**HOW TO COMPLETE THIS TASK**.
Word for word, reproduce all of the entries shown below.

*** INFORMATION ***

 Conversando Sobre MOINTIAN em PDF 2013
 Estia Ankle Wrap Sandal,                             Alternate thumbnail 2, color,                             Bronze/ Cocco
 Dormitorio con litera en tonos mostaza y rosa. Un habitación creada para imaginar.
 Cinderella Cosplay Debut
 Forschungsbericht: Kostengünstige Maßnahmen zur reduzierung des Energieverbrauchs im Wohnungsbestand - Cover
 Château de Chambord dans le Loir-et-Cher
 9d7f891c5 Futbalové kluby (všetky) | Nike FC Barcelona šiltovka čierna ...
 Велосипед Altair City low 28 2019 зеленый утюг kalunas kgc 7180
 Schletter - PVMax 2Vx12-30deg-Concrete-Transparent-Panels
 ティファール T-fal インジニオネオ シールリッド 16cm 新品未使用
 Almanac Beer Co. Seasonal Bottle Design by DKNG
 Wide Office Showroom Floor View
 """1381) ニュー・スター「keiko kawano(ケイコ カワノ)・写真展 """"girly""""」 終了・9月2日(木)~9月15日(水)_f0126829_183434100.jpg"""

***

**WRITTEN REPLY**.
 Conversando Sobre MOINTIAN em PDF 2013
 Estia Ankle Wrap Sandal,                             Alternate thumbnail 2, color,                             Bronze/ Cocco
 Dormitorio con litera en tonos mostaza y rosa. Un habitación creada para imaginar.
 Cinderella Cosplay Debut
 Forschungsbericht: Kostengünstige Maßnahmen zur reduzierung des Energieverbrauchs im Wohnungsbestand - Cover
 Château de Chambord dans le Loir-et-Cher
 9d7f891c5 Futbalové kluby (všetky) | Nike FC Barcelona šiltovka čierna ...
 Велосипед Altair City low 28 2019 зеленый утюг kalunas kgc 7180
 Schletter - PVMax 2Vx12-30deg-Concrete-Transparent-Panels
 ティファール T-fal インジニオネオ シールリッド 16cm 新品未使用
 Almanac Beer Co. Seasonal Bottle Design by DKNG
 Wide Office Showroom Floor View
 """1381) ニュー・スター「keiko kawano(ケイコ カワノ)・写真展 """"girly""""」 終了・9月2日(木)~9月15日(水)_f0126829_183434100.jpg"""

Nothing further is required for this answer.